すぐ治るよ -8-

「落ち着け、スピきゃん。ミサキさんが目を回しているだろ」

「あ、ごめん」

 俺は吸い終わったマファの灰皿をミサキさんの鼻に近づけた。

 気付け効果で視点を戻したミサキさんが、あらあらと困った顔をした。

「ザリュウ……? ありがとう」スピカに向き直り「いったい、どうしたんですか。何か訳でも」と聴いた。

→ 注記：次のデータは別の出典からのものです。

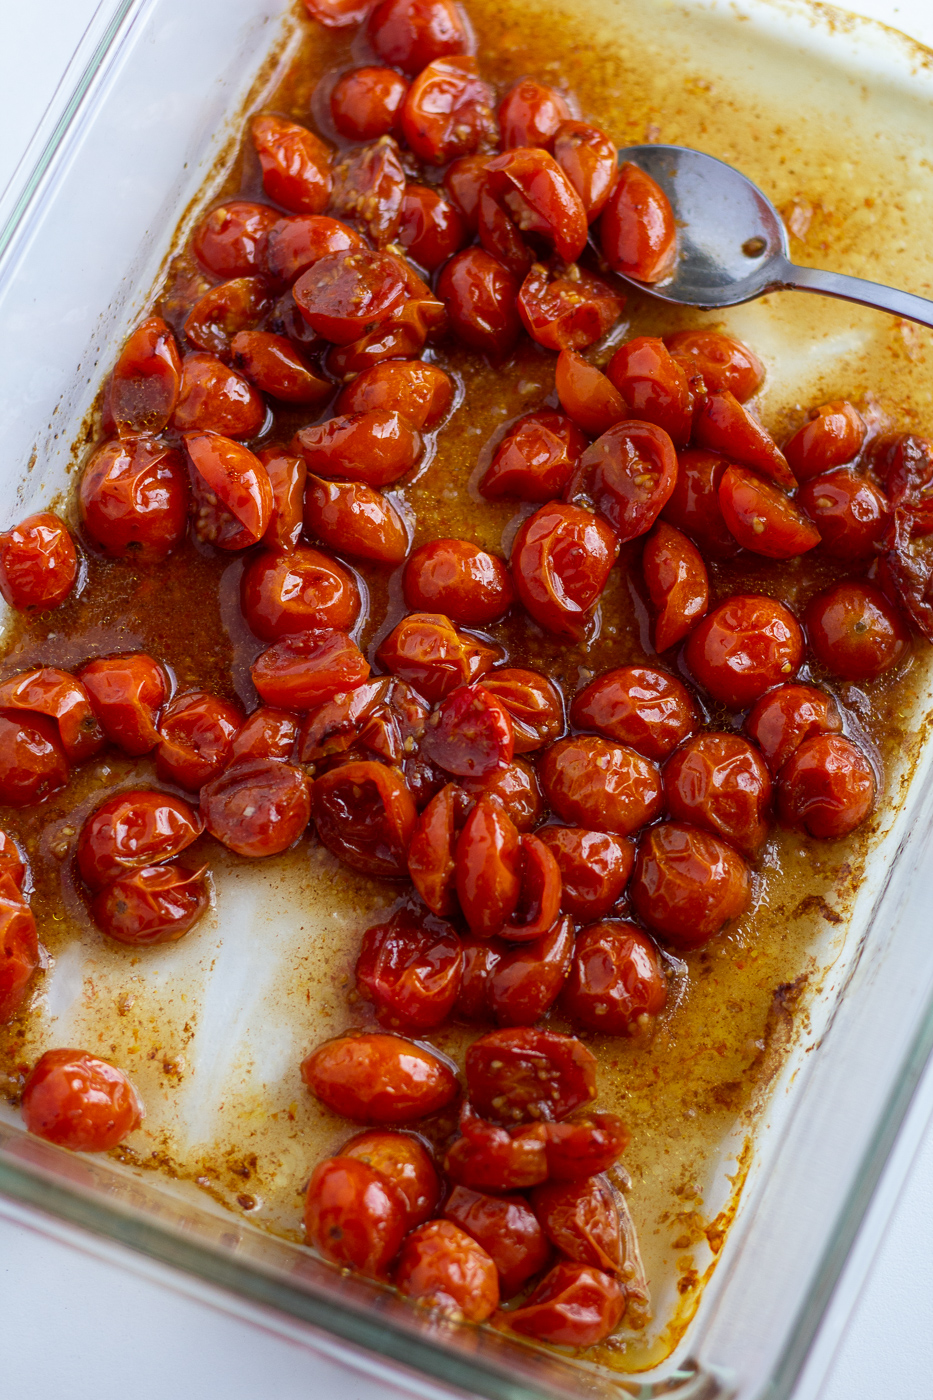 Balsamic Roasted Cherry Tomatoes

「私の脚、中学の頃に交通事故でめちゃくちゃになって。夢だったアイドルを諦めなきゃならなくなったの。でも、もし治せるなら」

「治せますよ、すぐに」

 あっけらかんと言うミサキさんに、スピカが目をぱちぱちさせていた。

 そんなに驚くことか?

「本当なの? 本当に本当に本当にぃぃぃぃぃぃ本当?」

「ええ、ええ」

 ミサキさんも首を傾げていた。

 俺もしつこいぞ、と突っ込もうとしたが当人は真剣だったので無粋なことはやめて黙っていることにした。

「じゃあ、治してよ」

「でもですね。条件があるんです」

「何よっ。さっきと言っていることが違うじゃない」

「オーラはすぐにかけられます。ですが、冒険者ギルド商工会の取り決めがあるんです」

「何? もったいぶらないでよ」

「それはですね、ギルドの専属冒険者になってもらうことなんです」

「専属?」

「はい。それ以外は料金を取らなければならない決まりなんですよ」

「いくらよ」

「金貨十枚」

「ザリュウ、払って」

 いきなり言われてびっくりした俺は慌てて首を振った。

「無理に決まってんだろ、そんな大金」

「なによ、こんな美少女を見捨てる気なの?」

「おまえ、キャラがブレブレだぞ」

「いいから! 払ってよ」

「あのな……。金貨一枚で、お前らが一ヶ月前にどんちゃん騒ぎやった夜を10回は出来るんだぞ。金貨十枚なんて、俺のニ年分の稼ぎだよ」

「ないわけ? この貧乏人」

「ああ……。どうせ貧乏ですよ」

 お前らを武器屋で買ったときに消え、メシ代で消えたって言い返したいが、最近ろくなもん食ってないからそんな気力もわかない。

 ミサキさんが手を少し挙げた。

「ですから、私のギルドの専属になっていただければ、無料で治せますよ」

「そ、それを早く言いなさいよ」

 ……。もう心の中でもツッコまないからな。

「ですが、良いのですか? これからはザリュウさんの武器として行動を共にする、という誓約でもあるのですよ」

「なんでよ。武器って私は人間よ」

 ミサキさんと一緒に俺も首を振った。

「いいえー。あなたは《ファング》ですよ」

「違う! 私は人間……あれ? 頭が」

 さっきまでの威勢が消沈し、椅子にぐったりともたれこんだ。